Oh, lord, how many times in my life did I eat at the late, great Blue Mist Bar-B-Q restaurant on U.S. Highway 64 between Asheboro and Ramseur, on Saturday afternoons, when the wood cooker out back spewed plumes of smoke — that blue mist — over the top of the building? Maybe 100 times? Maybe 200 times?
How many times did I slide into a window booth next to my grandparents, next to my parents, or next to my best friend from high school when we finally got bored cruising a one-mile stretch of Fayetteville Street on weekend nights and decided, simply, to just go get ourselves a sandwich?
How many times did I squirt sauce from a squeeze bottle, mash down a steamed bun, scoop up spilled slaw with a plastic fork, dip a hush puppy into ketchup, wad up a square of wax paper, and drain a Styrofoam cup of sweet tea?
Blue Mist opened in 1948 and closed in 2013, and for as long as I lived in Asheboro, it was our barbecue place, just like your place may have been A&M in Mebane, or Whitley’s in Lexington, or Old Hickory House in Charlotte.

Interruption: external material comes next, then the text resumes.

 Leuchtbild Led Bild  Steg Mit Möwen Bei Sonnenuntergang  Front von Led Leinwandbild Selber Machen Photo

Was it the best? I don’t know. It was good. Or at least, it was good to me.
Yes, I know. East or west. Whole hog or pork shoulder. Tomato or vinegar. The feud has been going on for a long time. We’ve written about it. Heck, everybody’s written about it. A few months ago, The New Yorker published a 4,000-word treatise on what constitutes “real” North Carolina barbecue. National Geographic loved our barbecue so much, it proclaimed a place in Ayden (Notice our cover? It’s from that place.) as having the best barbecue in the world.
In the world.
An Internet search for “North Carolina barbecue” brings up 1.1 million entries. These days, newspaper columns, radio commentators, Internet articles, and barbecue experts all over the place are telling you that your place, the one you’ve been going to all your life, is the best. Or maybe it’s the worst. These days, other people are making those decisions.

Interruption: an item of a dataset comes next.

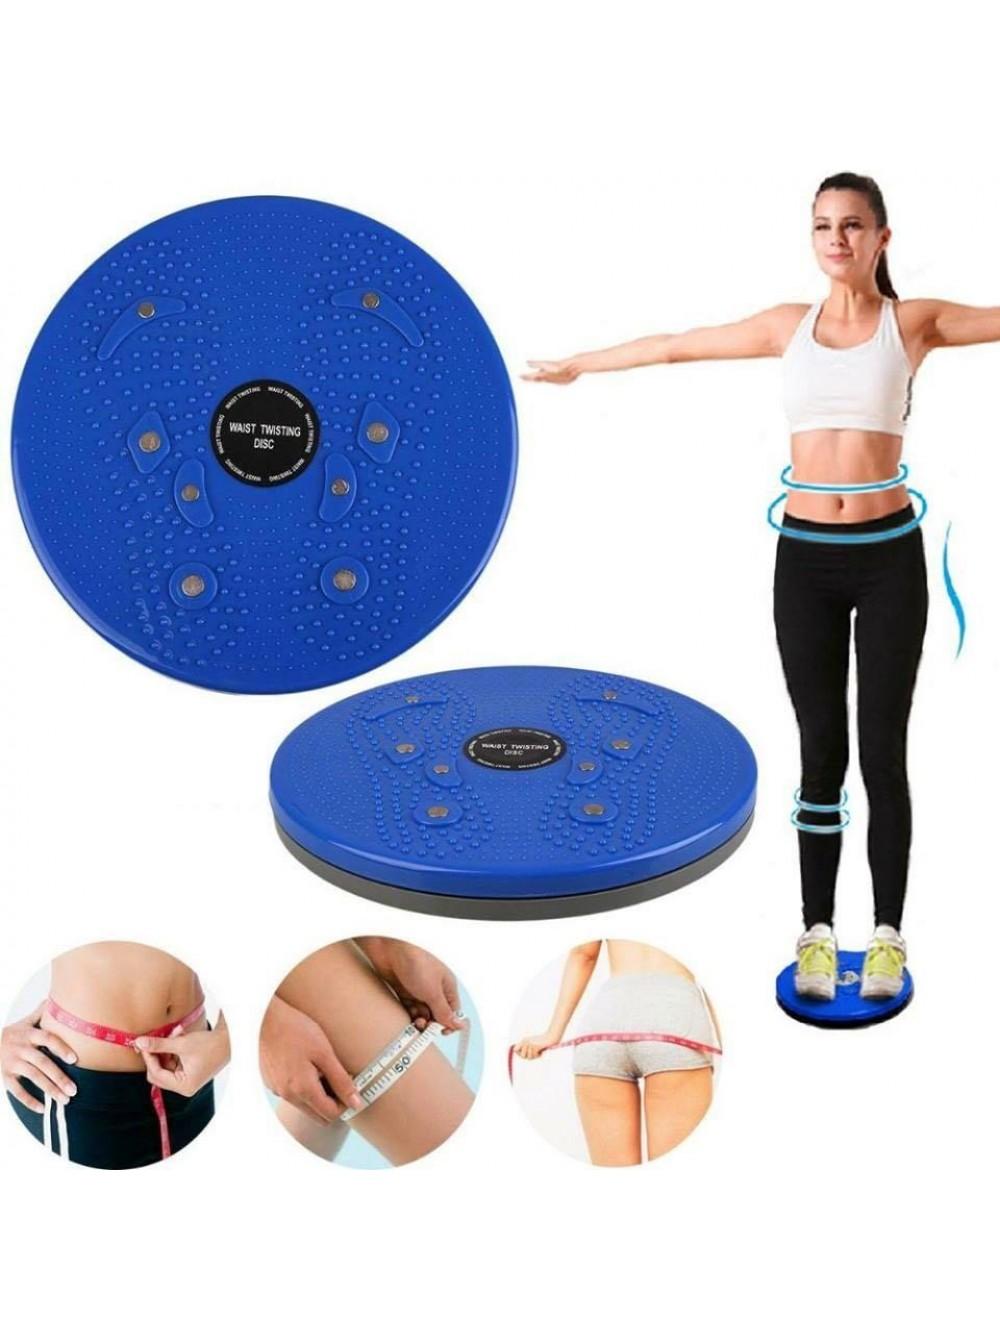 Похудеть с помощью диска здоровья отзывы

Which brings me to a revelation: For all those years I ate at Blue Mist, I don’t remember anyone talking about these things. Nobody went on quests to find The Perfect Plate. Nobody made Barbecue Bucket Lists. Nobody talked about whether the meat was smoked over wood or not (although to be fair, I guess it all was). I never heard anyone pledging allegiance to a certain style. We all just ate what was served in the restaurant down the road. We liked it. It was all good to us.

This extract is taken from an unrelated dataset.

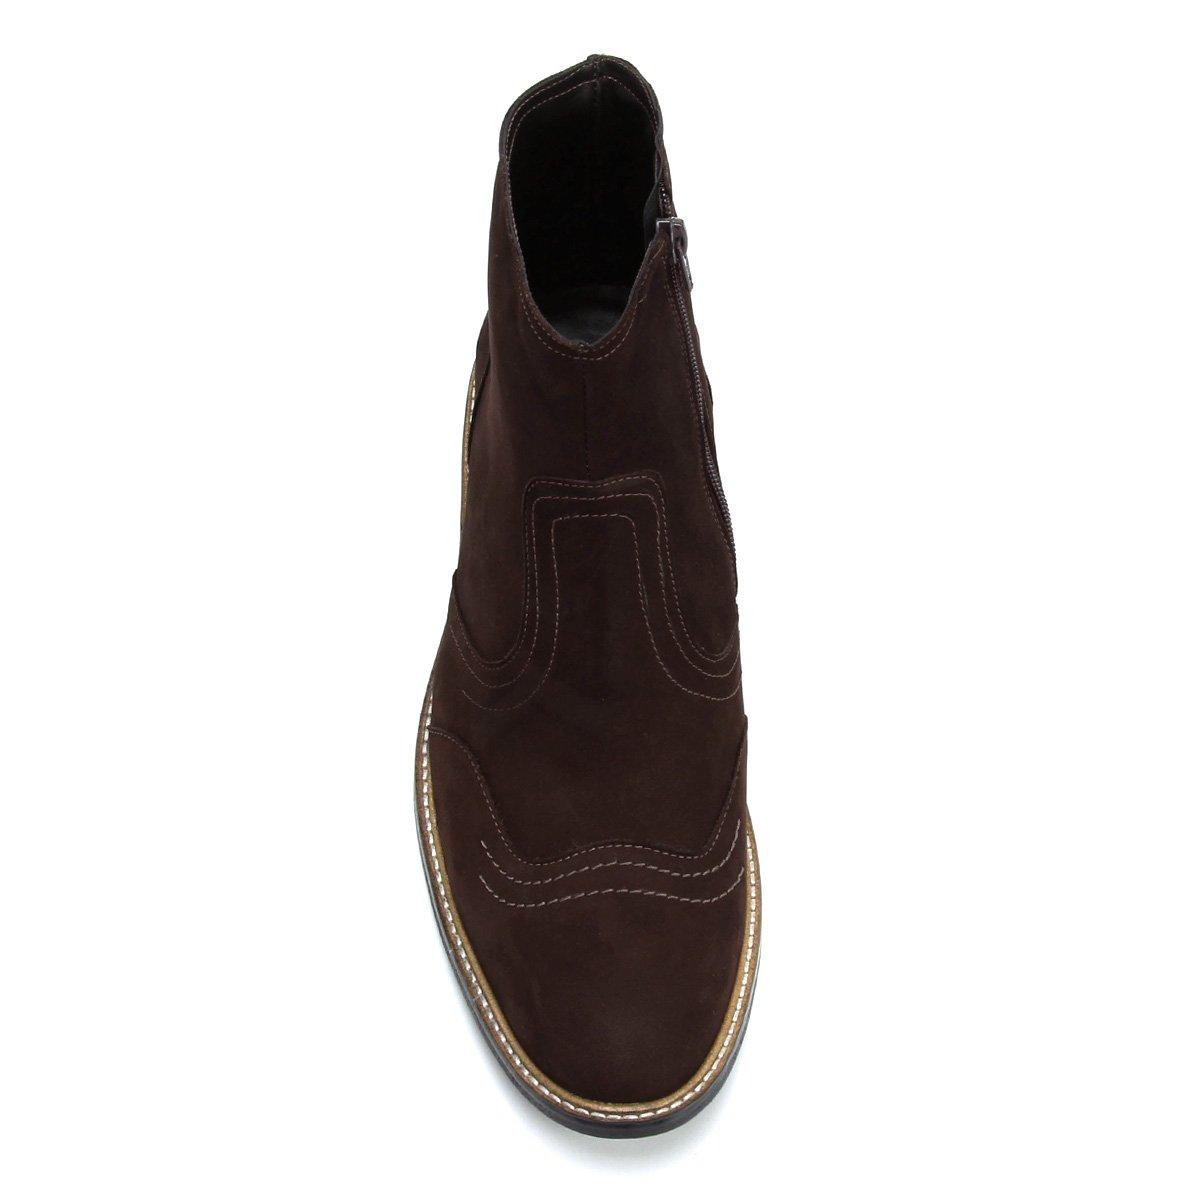 Bota Cano Café Couro Curto Couro Shoestock Masculina Bota Recortes x6xwz

Back then, our barbecue joints weren’t landmarks. They were just places in our towns where we went for lunch.
I’m glad the rest of the world has caught on to the fact that we have something good here. But I worry that the celebration has given way to criticism. That in finding ourselves in the midst of this Great Barbecue Debate, we’ve lost what it means to slide into a window booth somewhere and just, simply, eat.
Every couple of weeks, on doctor days, my mom drives her mother, my Grandma Dot, to Country Barbecue in Greensboro. It’s something for the two of them to do together, and they order the same thing every time. Chopped sandwich. Hush puppies. Sweet tea. They don’t talk about barbecue. They don’t have to. This has been their place for a long time. They already know it’s good.